**Activity**
Every line of the data below is to be given again as it appears, with the images removed.

**Provided material**

Segment Open

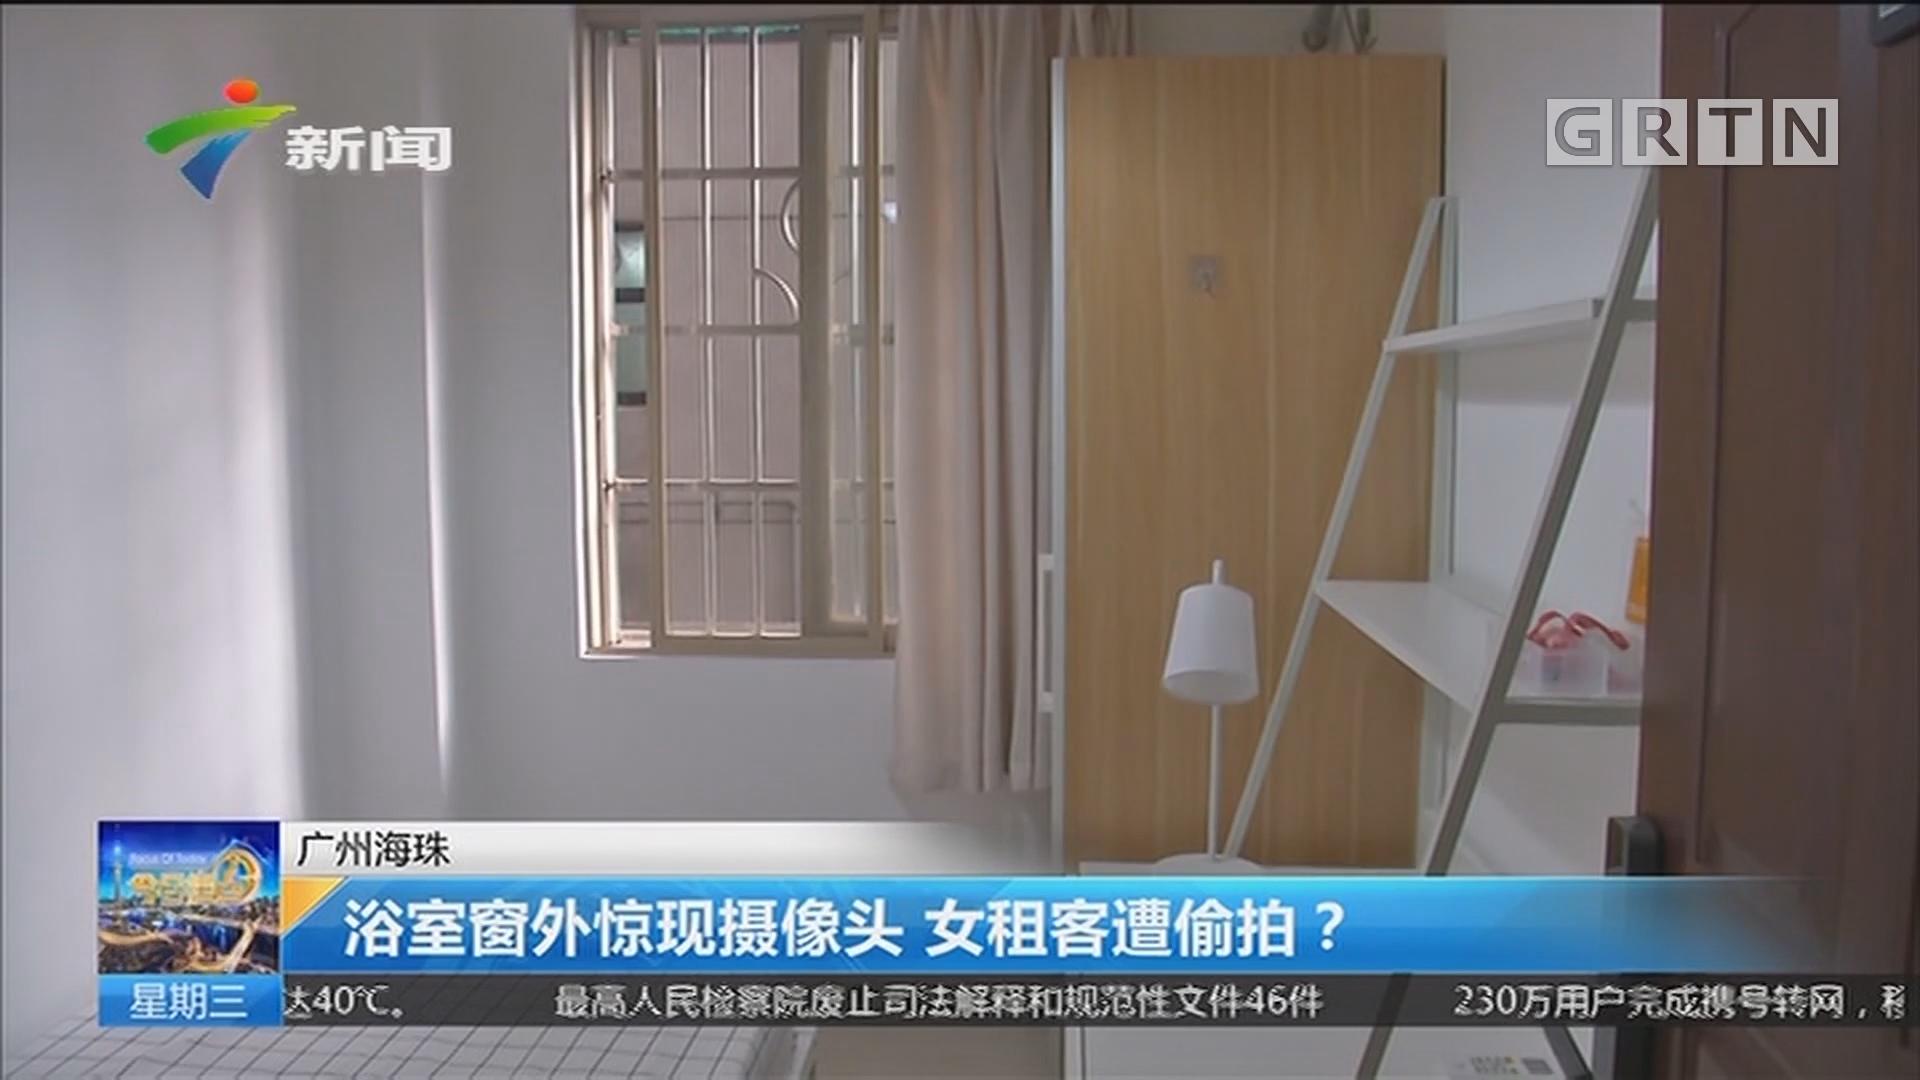 广州海珠:浴室窗外惊现摄像头 女租客遭偷拍?
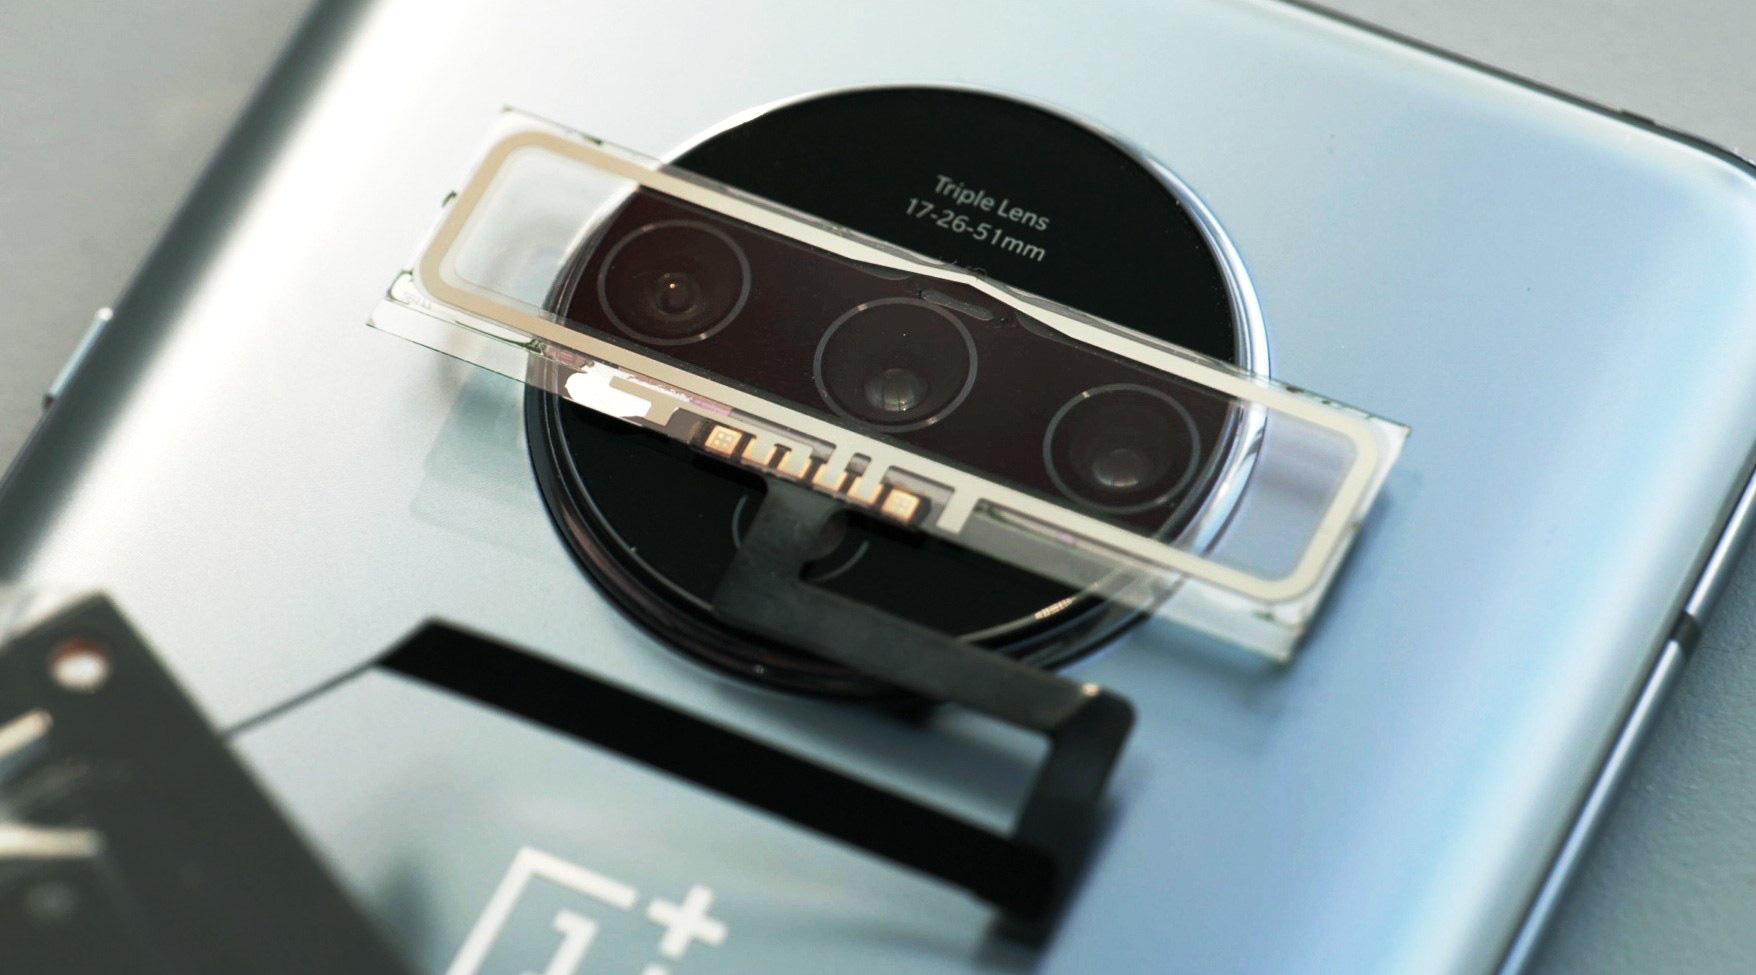 OnePlus vượt mặt Samsung và Apple trở thành hãng sở hữu camera vô hình đầu tiên - Ảnh 2.
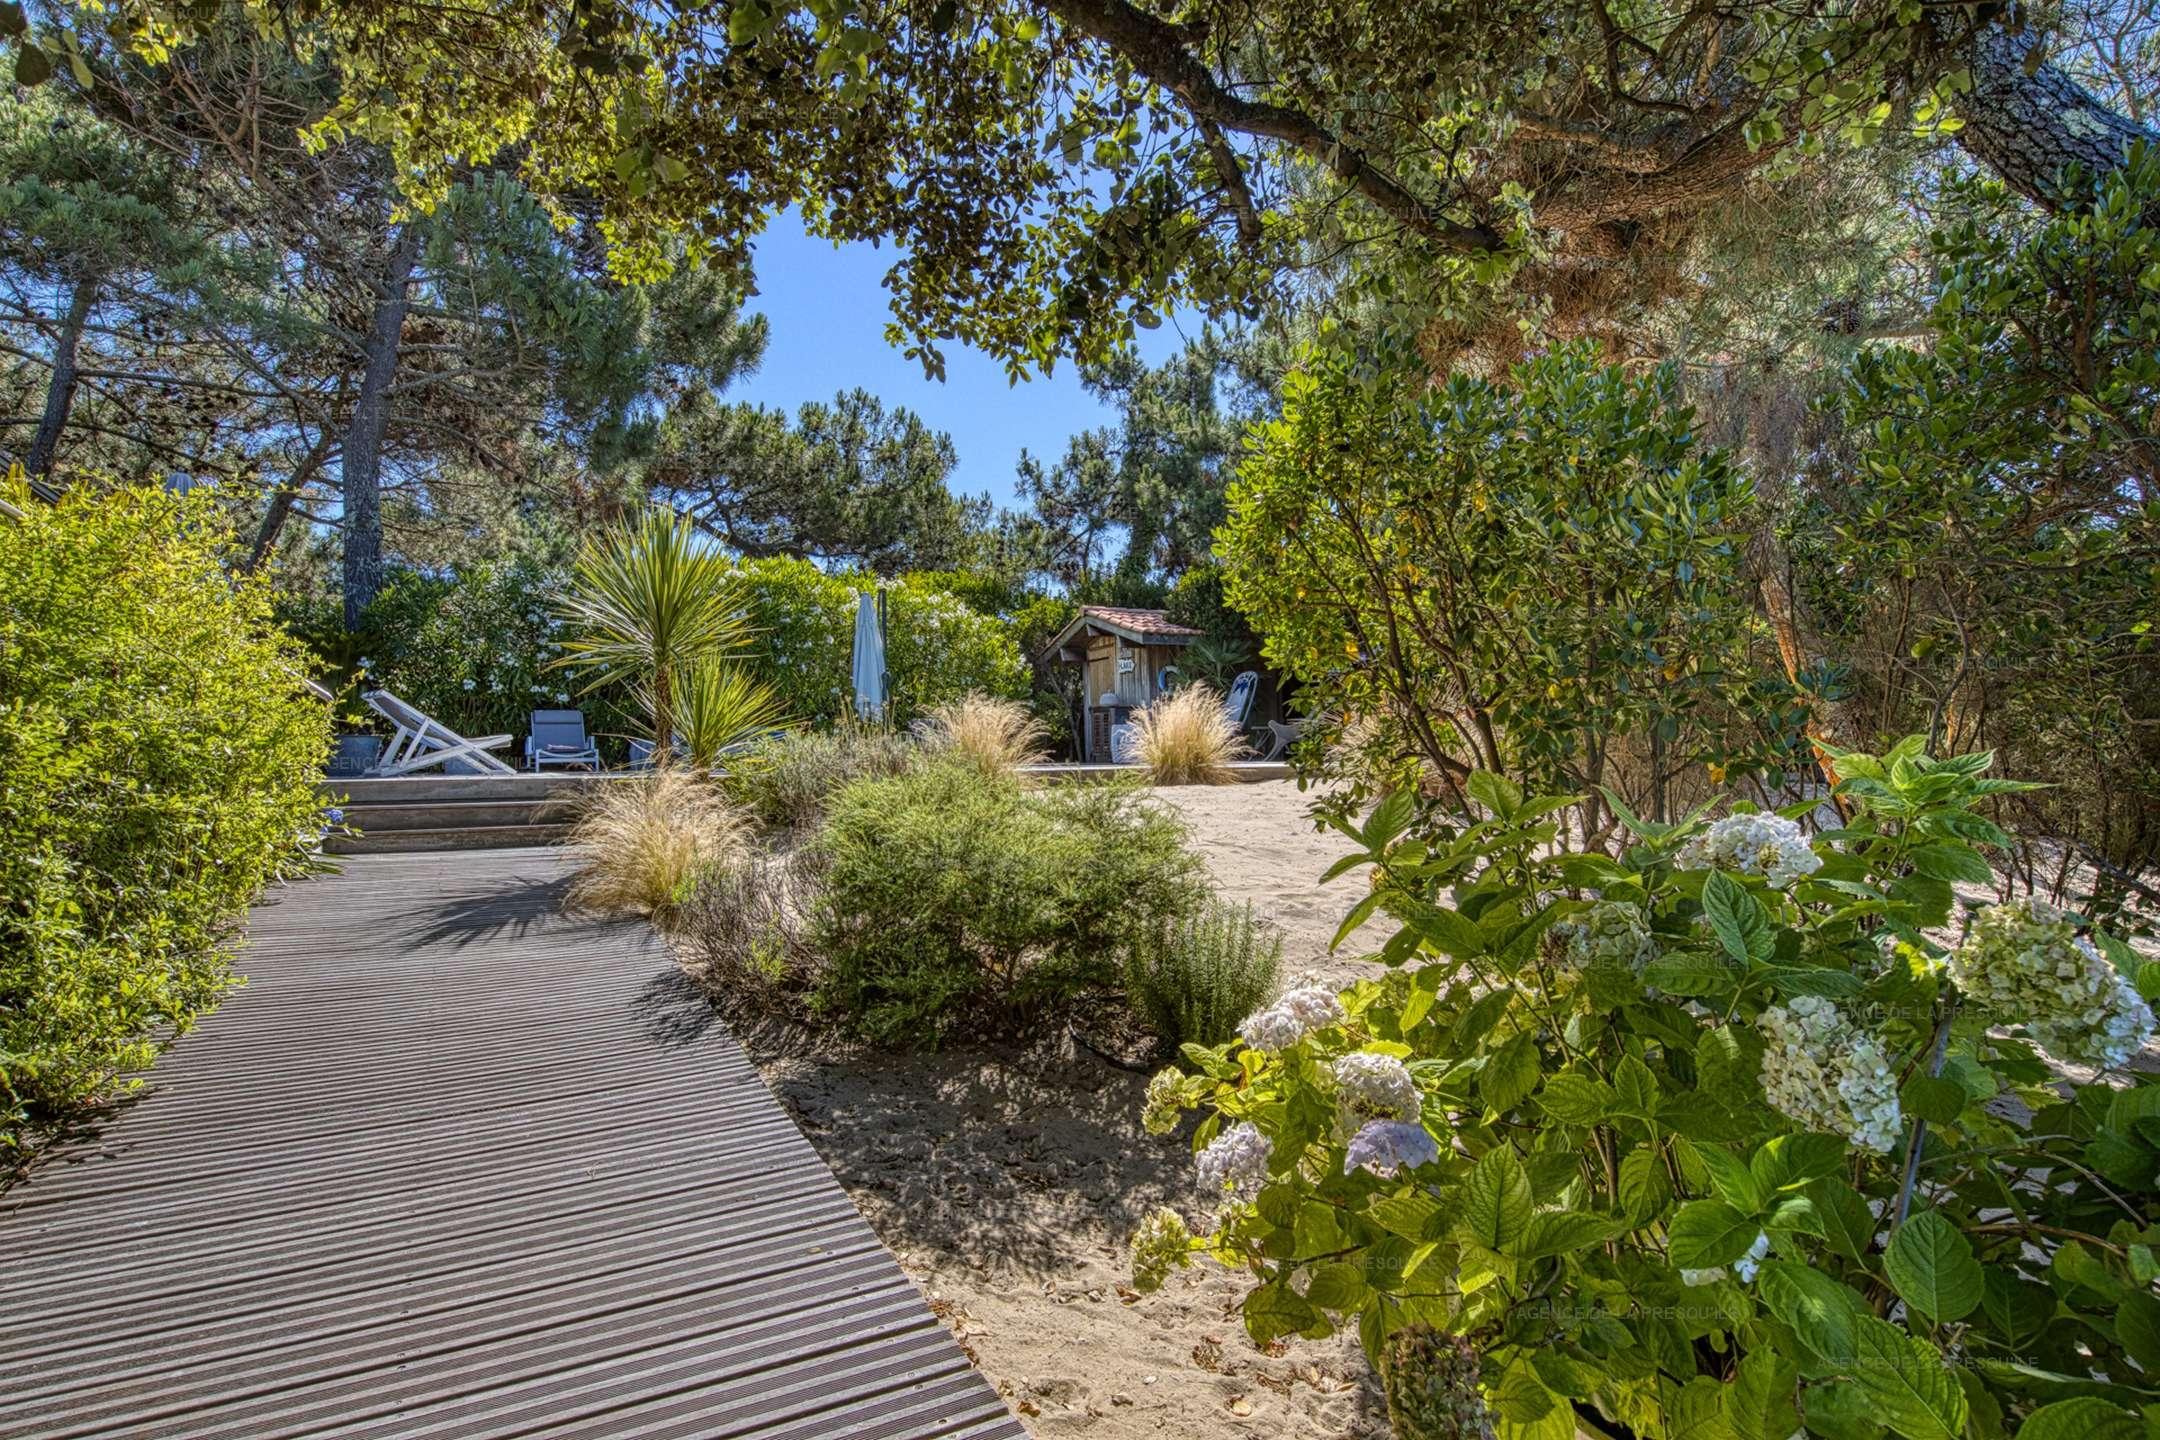 Location: Ravissante villa avec piscine entre le bassin et l'océan 10

Segment Closed

**The completed task**
 广州海珠:浴室窗外惊现摄像头 女租客遭偷拍?
 OnePlus vượt mặt Samsung và Apple trở thành hãng sở hữu camera vô hình đầu tiên - Ảnh 2.
 Location: Ravissante villa avec piscine entre le bassin et l'océan 10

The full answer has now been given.